トップ国際中南米「マーチ・フォー・ジーザス」キリスト教徒200万人が行進 ブラジル・サンパウロ

「マーチ・フォー・ジーザス」キリスト教徒200万人が行進 ブラジル・サンパウロ

 【サンパウロ綾村悟】南米ブラジルのサンパウロで4日、「マーチ・フォー・ジーザス」が開催され、キリスト教福音派を中心に200万人以上の信徒らが約3・5㌔を行進した。例年「聖体祭」に合わせて行われる世界最大級のキリスト教系イベントで、今回で34回目。

 ボルソナロ前大統領の長男で10月の大統領選に出馬しているフラビオ上院議員が参加し、「ブラジルのために祈ろう」と参加者に語りかけた。

 ブラジルは世界最多のカトリック信徒を抱えるが、近年は福音派が急増している。1994年には福音派は人口の14%だったが、2020年には31%と倍増、49年にはカトリックを上回る見込みだ。

 議会でも超党派の福音派勢力が急伸、両院合わせて30%以上に当たる約160人の議員が福音派とされる。18年の大統領選で保守派ジャイル・ボルソナロ氏の勝利を実現した主要支持基盤の一つだ。

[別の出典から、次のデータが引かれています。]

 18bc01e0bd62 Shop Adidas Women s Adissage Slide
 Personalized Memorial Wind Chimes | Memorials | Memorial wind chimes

 福音派は、ジェンダー教育や同性婚など数々の政策でリベラル派と激しい政治論争を巻き起こしてきた。過去の左派政権(第1次ルラ、ルセフ政権)時代に包括的ジェンダー教育が進められたが、19年に発足したボルソナロ前政権はこれを「(家庭の価値を破壊する)ジェンダーイデオロギー」と批判し、学校でのジェンダー関連教育を禁止した。

 近年は、結婚までの純潔を訴える運動が福音派を中心に広まっている。前政権下で女性・家族・人権相を務めたアウビス牧師は、昨年2月から若者に婚外性交渉の節制を求める禁欲キャンペーンを開始、福音派は社会的価値観の保守化への宗教・文化的基盤となりつつある。